3
votes

In Python, it is usually suggested to vectorize the code to make computation faster. For example, if you want to compute the inner product of two vectors, say a and b, usually

Code A

c = np.dot(a, b)

is better than

Code B

c = 0
for i in range(len(a)):
    c += a[i] * b[i]

But in Julia, it seems sometimes vectorization is not that helpful. I reckoned '* and dot as vectorized versions and an explicit for loop as a non-vectorized version and got the following result.

using Random
using LinearAlgebra

len = 1000000
rng1 = MersenneTwister(1234)
a = rand(rng1, len)
rng2 = MersenneTwister(12345)
b = rand(rng2, len)


function inner_product(a, b)
    result = 0
    for i in 1: length(a) 
        result += a[i] * b[i] 
    end
    return result
end


@time a' * b
@time dot(a, b)
@time inner_product(a, b);
  0.013442 seconds (56.76 k allocations: 3.167 MiB)
  0.003484 seconds (106 allocations: 6.688 KiB)
  0.008489 seconds (17.52 k allocations: 976.752 KiB)

(I know using BenchmarkTools.jl is a more standard way to measure the performance.)

From the output, dot runs faster than for than '*, which is a contradiction to what has been presumed.

So my question is,

  1. does Julia need (or sometimes need) vectorization to speed up computation?
  2. If it does, then when to use vectorization and which is the better way to use (consider dot and '*)?
  3. If it does not, then what is the difference between Julia and Python in terms of the mechanism of vectorized and non-vectorized codes?
2

2 Answers

3
votes

Your are not making the benchmarks correctly and the implementation of your function is suboptimal.

julia> using BenchmarkTools                   
                                              
julia> @btime $a' * $b                        
  429.400 μs (0 allocations: 0 bytes)         
249985.3680190253                             
                                              
julia> @btime dot($a,$b)                      
  426.299 μs (0 allocations: 0 bytes)         
249985.3680190253                             
                                              
julia> @btime inner_product($a, $b)           
  970.500 μs (0 allocations: 0 bytes)         
249985.36801903677                            

The correct implementation:

function inner_product_correct(a, b)
    result = 0.0 #use the same type as elements in the args
    @simd for i in 1: length(a)
        @inbounds result += a[i] * b[i]
    end
    return result
end
julia> @btime inner_product_correct($a, $b)
  530.499 μs (0 allocations: 0 bytes)
249985.36801902478

There is still the difference (however less significant) because dot is using the optimized BLAS implementation which is multi-threaded. You could (following Bogumil's comment set OPENBLAS_NUM_THREADS=1 and then you will find that the times of BLAS function will be identical as the Julia implementation.
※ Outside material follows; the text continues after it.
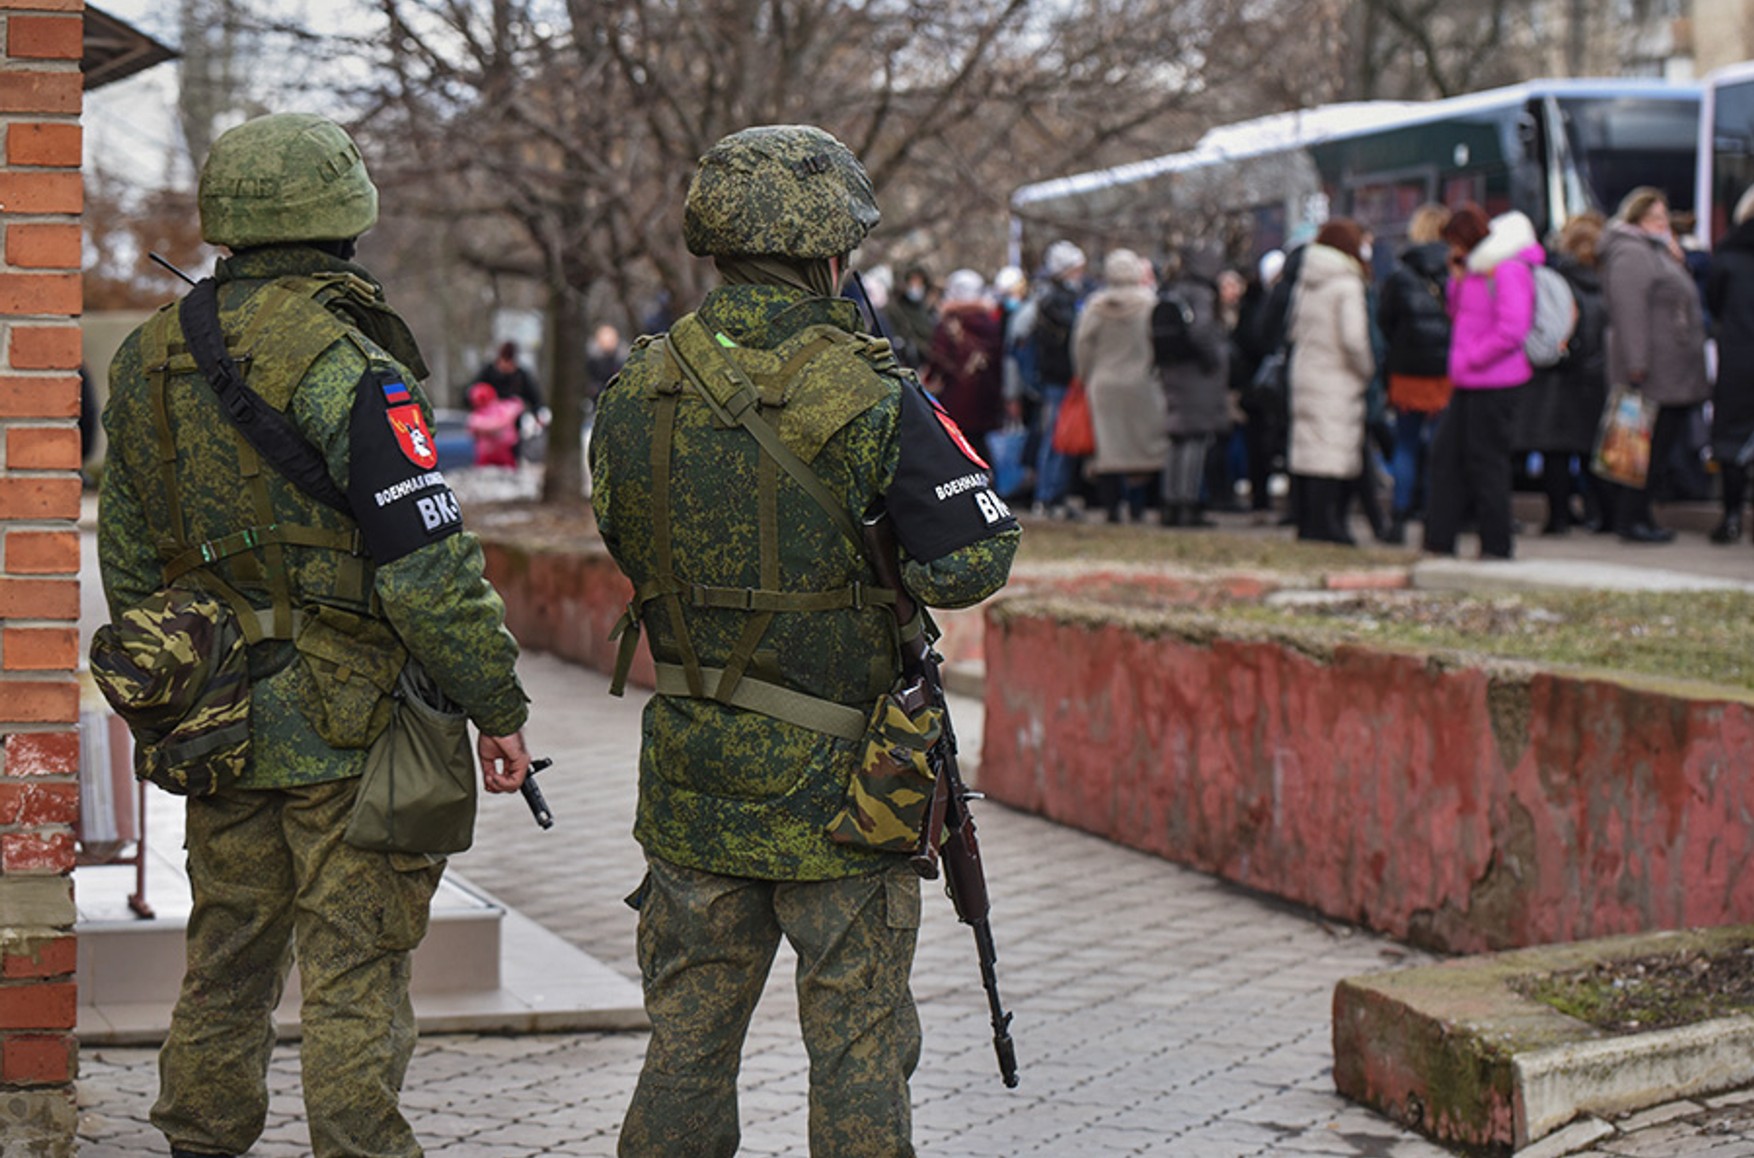 Матери незаконно мобилизованных студентов из «ЛДНР» обратились в Минобороны РФ с просьбой вернуть сыновей домой

Note also that working with float numbers is tricky in many ways:

julia> inner_product_correct(a, b)==dot(a,b)
false

julia> inner_product_correct(a, b) ≈ dot(a,b)
true 

Finally, in Julia deciding whether to use vectorization or write the loop yourself is up two you - there is no performance penalty (as long as you write type stable code and use @simd and @inbounds where required). However in your codes you were not testing vectorization but you were comparing calling BLAS to writing the loop yourself. Here is the must-read to understand what is going on https://docs.julialang.org/en/v1/manual/performance-tips/

3
votes

Let me add my practical experience as a comment (too long for a standard comment):

does Julia need (or sometimes need) vectorization to speed up computation?

Julia does not need vectorization as Python (see the answer by Przemysław), but in practice if you have a well written vectorized function (like dot) then use it as, while possible, it might be sometimes tricky to write as performant function yourself (people have probably spent days on optimizing dot, especially to optimally use multiple threads).

If it does, then when to use vectorization and which is the better way to use (consider dot and '*)?

When you use vectorized code then it all depends on implementation of the function you want to use. In this case dot(a, b) and a' * b are exactly the same as when you write @edit a' * b gives you in this case:

*(u::AdjointAbsVec{<:Number}, v::AbstractVector{<:Number}) = dot(u.parent, v)

and you see it is the same.

If it does not, then what is the difference between Julia and Python in terms of the mechanism of vectorized and non-vectorized codes?

Julia is a compiled language, while Python is an interpreted language. In some cases Python interpreter can provide fast execution speed, but in other cases it currently is not able to do it (but it does not mean that in the future it will not improve). In particular vectorized functions (like dot in your question) are most likely written in some compiled language, so Julia and Python will not differ much in typical cases as they just call this compiled function. However, when you use loops (non-vectorized code) then currently Python will be slower than Julia.